## [Work to be completed]
Return the run of lines below that opens with the line containing "피겨 스케이팅 (Figure Skating)" and closes with the line containing "Voyage à pied", keeping each one exact.

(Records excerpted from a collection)
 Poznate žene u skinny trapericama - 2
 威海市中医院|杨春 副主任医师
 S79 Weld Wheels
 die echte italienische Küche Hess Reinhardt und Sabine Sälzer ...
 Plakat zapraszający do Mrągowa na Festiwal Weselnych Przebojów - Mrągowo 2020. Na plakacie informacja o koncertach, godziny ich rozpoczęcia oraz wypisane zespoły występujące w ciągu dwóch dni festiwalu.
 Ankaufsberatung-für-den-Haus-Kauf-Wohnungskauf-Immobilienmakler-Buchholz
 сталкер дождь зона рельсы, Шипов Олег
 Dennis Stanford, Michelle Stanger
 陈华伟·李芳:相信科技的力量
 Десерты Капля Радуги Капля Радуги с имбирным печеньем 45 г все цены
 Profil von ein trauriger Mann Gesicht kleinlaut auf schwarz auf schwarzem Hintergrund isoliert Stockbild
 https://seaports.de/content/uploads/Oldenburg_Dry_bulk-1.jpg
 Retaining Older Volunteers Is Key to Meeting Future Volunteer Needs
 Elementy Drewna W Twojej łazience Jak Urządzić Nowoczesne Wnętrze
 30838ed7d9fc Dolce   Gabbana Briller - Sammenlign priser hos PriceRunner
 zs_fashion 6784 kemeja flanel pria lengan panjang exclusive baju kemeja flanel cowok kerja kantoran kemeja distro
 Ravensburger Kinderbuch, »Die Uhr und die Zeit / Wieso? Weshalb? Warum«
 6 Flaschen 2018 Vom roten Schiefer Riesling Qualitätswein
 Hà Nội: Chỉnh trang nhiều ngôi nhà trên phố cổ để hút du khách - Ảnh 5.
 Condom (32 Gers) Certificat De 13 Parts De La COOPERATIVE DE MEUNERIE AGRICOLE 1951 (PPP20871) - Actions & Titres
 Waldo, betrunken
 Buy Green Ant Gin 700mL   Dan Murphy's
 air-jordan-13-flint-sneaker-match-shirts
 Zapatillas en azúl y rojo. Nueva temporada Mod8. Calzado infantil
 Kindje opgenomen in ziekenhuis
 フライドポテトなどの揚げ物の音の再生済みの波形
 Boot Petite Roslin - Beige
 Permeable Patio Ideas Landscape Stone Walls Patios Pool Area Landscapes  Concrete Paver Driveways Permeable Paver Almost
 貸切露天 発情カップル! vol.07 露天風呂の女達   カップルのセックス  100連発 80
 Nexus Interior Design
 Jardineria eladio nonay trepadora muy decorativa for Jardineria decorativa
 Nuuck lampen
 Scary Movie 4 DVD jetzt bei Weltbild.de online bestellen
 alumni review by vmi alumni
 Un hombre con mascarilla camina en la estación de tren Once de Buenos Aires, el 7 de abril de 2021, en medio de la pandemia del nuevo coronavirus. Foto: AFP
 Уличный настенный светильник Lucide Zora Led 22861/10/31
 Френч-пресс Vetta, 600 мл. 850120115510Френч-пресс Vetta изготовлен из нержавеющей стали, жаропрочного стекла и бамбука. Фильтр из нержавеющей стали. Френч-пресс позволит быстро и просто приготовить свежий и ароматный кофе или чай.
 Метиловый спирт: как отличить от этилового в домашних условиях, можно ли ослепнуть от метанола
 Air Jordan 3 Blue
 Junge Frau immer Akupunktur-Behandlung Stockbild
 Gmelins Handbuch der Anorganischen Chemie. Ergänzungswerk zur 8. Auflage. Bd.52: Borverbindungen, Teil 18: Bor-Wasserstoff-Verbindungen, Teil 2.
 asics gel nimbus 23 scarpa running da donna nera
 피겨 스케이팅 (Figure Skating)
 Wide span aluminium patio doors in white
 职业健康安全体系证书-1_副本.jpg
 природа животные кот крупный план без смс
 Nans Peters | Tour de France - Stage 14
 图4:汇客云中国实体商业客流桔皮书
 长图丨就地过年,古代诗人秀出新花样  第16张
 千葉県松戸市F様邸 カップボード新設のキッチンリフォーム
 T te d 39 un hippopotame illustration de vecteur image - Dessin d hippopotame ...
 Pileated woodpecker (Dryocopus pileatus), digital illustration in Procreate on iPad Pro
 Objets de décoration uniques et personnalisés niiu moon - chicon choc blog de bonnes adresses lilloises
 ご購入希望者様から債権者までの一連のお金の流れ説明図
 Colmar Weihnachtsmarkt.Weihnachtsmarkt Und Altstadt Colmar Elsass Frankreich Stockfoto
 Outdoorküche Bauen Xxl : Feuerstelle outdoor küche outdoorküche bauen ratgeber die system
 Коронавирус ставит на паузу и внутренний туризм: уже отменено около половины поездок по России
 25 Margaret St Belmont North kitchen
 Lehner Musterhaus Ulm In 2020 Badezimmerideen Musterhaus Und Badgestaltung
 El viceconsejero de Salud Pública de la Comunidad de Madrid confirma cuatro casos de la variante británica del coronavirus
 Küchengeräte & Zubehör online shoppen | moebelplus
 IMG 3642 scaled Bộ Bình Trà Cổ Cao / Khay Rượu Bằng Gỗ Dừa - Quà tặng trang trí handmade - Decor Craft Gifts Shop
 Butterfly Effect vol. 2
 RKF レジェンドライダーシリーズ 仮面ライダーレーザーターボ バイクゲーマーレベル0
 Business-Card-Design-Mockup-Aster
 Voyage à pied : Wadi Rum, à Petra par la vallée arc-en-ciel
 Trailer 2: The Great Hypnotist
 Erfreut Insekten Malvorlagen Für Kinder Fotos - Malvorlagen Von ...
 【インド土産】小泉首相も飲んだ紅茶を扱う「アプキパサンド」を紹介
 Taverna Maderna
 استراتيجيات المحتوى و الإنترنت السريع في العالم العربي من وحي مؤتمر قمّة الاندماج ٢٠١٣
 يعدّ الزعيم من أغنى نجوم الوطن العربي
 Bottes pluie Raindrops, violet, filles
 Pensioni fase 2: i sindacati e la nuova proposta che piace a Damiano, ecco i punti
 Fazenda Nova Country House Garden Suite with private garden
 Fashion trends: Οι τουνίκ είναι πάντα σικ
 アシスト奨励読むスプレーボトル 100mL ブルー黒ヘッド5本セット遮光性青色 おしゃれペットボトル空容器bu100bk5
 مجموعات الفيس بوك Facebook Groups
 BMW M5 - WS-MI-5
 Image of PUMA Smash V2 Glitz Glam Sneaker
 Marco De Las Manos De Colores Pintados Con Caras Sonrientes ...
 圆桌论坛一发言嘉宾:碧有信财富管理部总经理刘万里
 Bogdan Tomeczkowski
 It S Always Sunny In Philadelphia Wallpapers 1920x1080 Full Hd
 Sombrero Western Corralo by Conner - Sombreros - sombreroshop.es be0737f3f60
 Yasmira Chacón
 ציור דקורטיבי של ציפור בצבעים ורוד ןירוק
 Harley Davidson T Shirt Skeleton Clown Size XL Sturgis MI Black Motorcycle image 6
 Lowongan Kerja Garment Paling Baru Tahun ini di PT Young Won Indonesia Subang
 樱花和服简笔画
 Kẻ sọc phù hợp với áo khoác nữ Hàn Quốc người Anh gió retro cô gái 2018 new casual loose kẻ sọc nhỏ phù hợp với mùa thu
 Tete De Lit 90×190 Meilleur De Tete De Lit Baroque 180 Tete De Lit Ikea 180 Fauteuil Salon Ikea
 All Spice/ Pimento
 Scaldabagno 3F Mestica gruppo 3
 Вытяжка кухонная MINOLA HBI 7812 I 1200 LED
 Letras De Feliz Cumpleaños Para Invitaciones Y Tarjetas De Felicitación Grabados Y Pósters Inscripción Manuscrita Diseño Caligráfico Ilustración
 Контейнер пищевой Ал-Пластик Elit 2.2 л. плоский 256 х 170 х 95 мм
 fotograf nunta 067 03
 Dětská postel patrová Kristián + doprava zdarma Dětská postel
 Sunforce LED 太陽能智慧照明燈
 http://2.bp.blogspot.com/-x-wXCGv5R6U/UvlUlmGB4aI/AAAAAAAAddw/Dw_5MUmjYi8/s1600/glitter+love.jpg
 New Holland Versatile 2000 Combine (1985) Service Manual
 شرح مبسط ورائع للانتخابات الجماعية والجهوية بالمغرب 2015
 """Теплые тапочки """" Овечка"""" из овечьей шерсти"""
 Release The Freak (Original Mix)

## [Reply]
 피겨 스케이팅 (Figure Skating)
 Wide span aluminium patio doors in white
 职业健康安全体系证书-1_副本.jpg
 природа животные кот крупный план без смс
 Nans Peters | Tour de France - Stage 14
 图4:汇客云中国实体商业客流桔皮书
 长图丨就地过年,古代诗人秀出新花样  第16张
 千葉県松戸市F様邸 カップボード新設のキッチンリフォーム
 T te d 39 un hippopotame illustration de vecteur image - Dessin d hippopotame ...
 Pileated woodpecker (Dryocopus pileatus), digital illustration in Procreate on iPad Pro
 Objets de décoration uniques et personnalisés niiu moon - chicon choc blog de bonnes adresses lilloises
 ご購入希望者様から債権者までの一連のお金の流れ説明図
 Colmar Weihnachtsmarkt.Weihnachtsmarkt Und Altstadt Colmar Elsass Frankreich Stockfoto
 Outdoorküche Bauen Xxl : Feuerstelle outdoor küche outdoorküche bauen ratgeber die system
 Коронавирус ставит на паузу и внутренний туризм: уже отменено около половины поездок по России
 25 Margaret St Belmont North kitchen
 Lehner Musterhaus Ulm In 2020 Badezimmerideen Musterhaus Und Badgestaltung
 El viceconsejero de Salud Pública de la Comunidad de Madrid confirma cuatro casos de la variante británica del coronavirus
 Küchengeräte & Zubehör online shoppen | moebelplus
 IMG 3642 scaled Bộ Bình Trà Cổ Cao / Khay Rượu Bằng Gỗ Dừa - Quà tặng trang trí handmade - Decor Craft Gifts Shop
 Butterfly Effect vol. 2
 RKF レジェンドライダーシリーズ 仮面ライダーレーザーターボ バイクゲーマーレベル0
 Business-Card-Design-Mockup-Aster
 Voyage à pied : Wadi Rum, à Petra par la vallée arc-en-ciel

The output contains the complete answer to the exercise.